Channeling water along changing crystals

Published online 22 March 2023

A chance observation due to dust contamination has uncovered a surprising new process of fluid transport when a crystal surface interacts with water.

Andrew Scott

Schematic representation of structural changes induced by sublimation propelling droplets carrying silver nanoparticles in one direction.
Schematic representation of structural changes induced by sublimation propelling droplets carrying silver nanoparticles in one direction.
Nature Chem (2023)
Researchers at New York University Abu Dhabi have found organic crystals that have surfaces that spontaneously change structure to transport condensed water droplets. They say that using such materials to manipulate and guide minute amounts of liquid and their particulate cargo could lead to many applications, including new microfluidic lab-on-a-chip technology, sensors, and self-cleaning coatings for solar cells.

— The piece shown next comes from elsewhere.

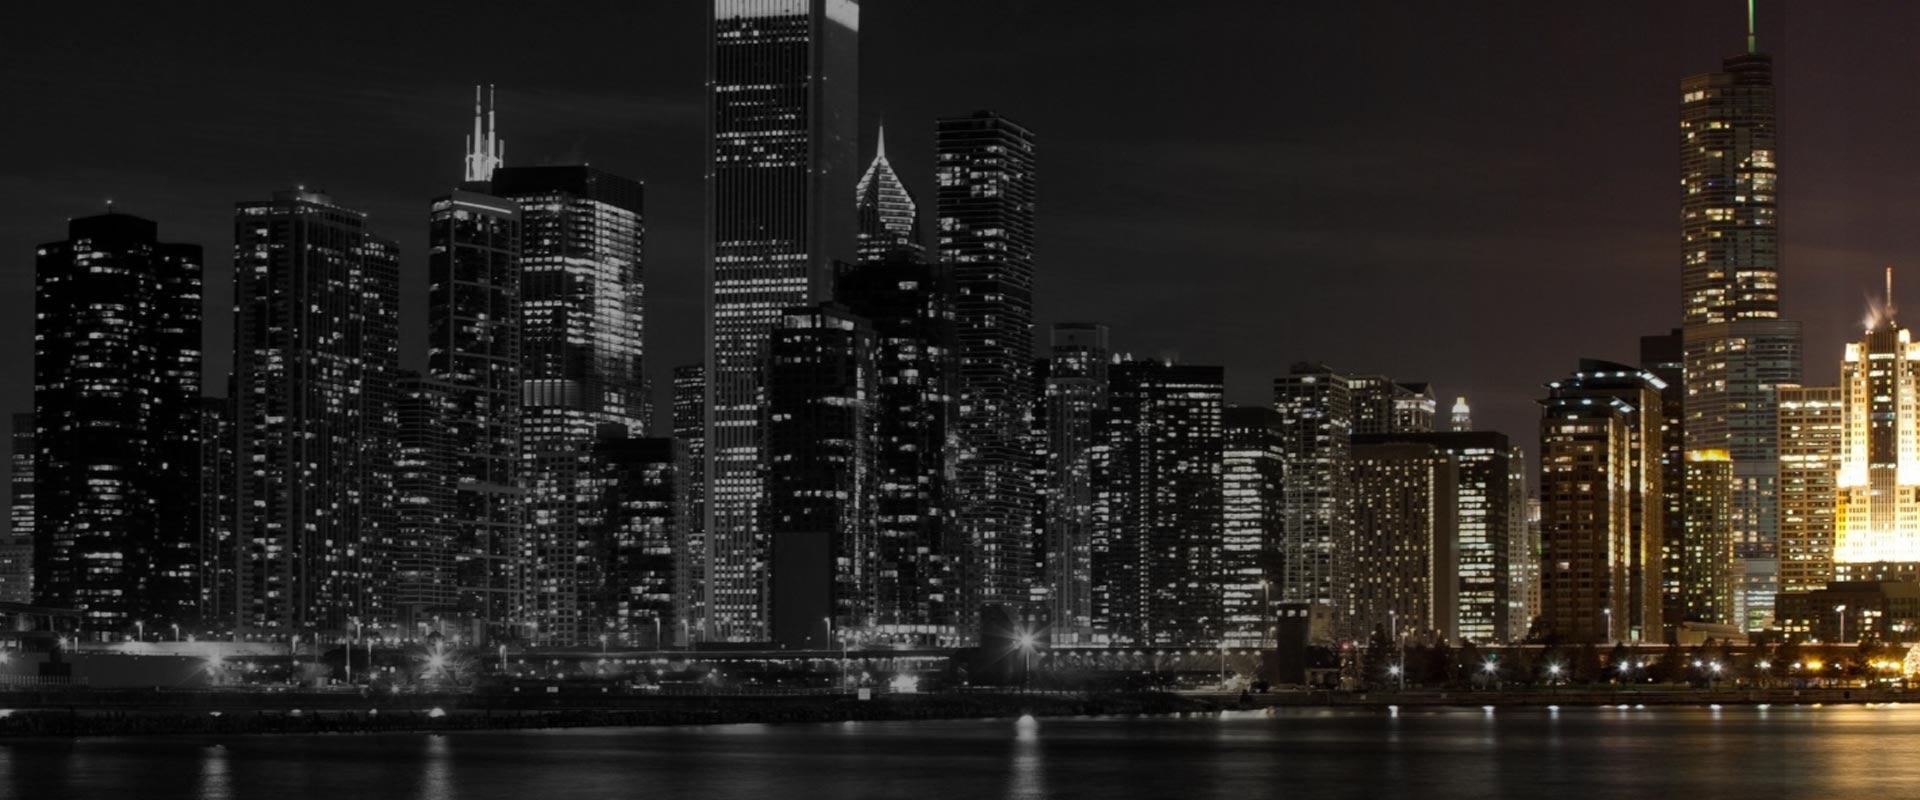 city3

A group led by chemist, Panče Naumov, worked with crystals of hexachlorobenzene to explore its behaviour, particularly its “mechanical compliance”, which might make it useful in producing soft and flexible structures.

Researcher, Patrick Commins, explains the novel discovery came as a complete surprise after some dust fell on a sample. “We were all shocked when we saw the dust spontaneously start to move on the crystal,” he says.

Marieh Al-Handawi, who also worked on the study, adds that learning how the movement was driven by water droplets condensing on the crystal  came as another surprise. “It results in the formation of channels that allow water to flow down them just like a river,” she says.

The channels form and then autonomously direct the flow of water due to a subtle and previously unrecognized phenomenon. Water condensing on to the surface initiates the conversion of some of the solid hexachlorobenzene directly into vapour  – a process called sublimation. This forms tiny widening channels that direct the water in one direction within each channel. The movement of dust particles propelled by the water suggested it could be used to move other solids, in addition to fluid solutions. The team confirmed this using silver nanoparticles. They also found that the speed of transport along the channels could be varied depending on temperature and humidity.

There are significant challenges to address before this phenomenon could be put to practical use. It does lead to loss of the crystal, albeit at quite a slow rate. Al-Handawi says that about 90% of the crystal mass would be lost in around 271 days at room temperature. This would be viable only in single-use or relatively short-term applications.

Also, the direction of water transport differs in neighbouring channels. Obtaining uni-directional transport throughout the crystal will be challenging, but could greatly expand the potential applications. The team has already made some progress towards that goal.

Chemist, Yongmei Zheng, at Beihang University in China, who was not involved in the work, says that the advance has the potential to inspire a variety of new uses for the surface transfer of water without requiring external energy.


Commins, P. et al. Autonomous and directional flow of water and transport of particles across a subliming dynamic crystal surface. Nat. Chem (2023).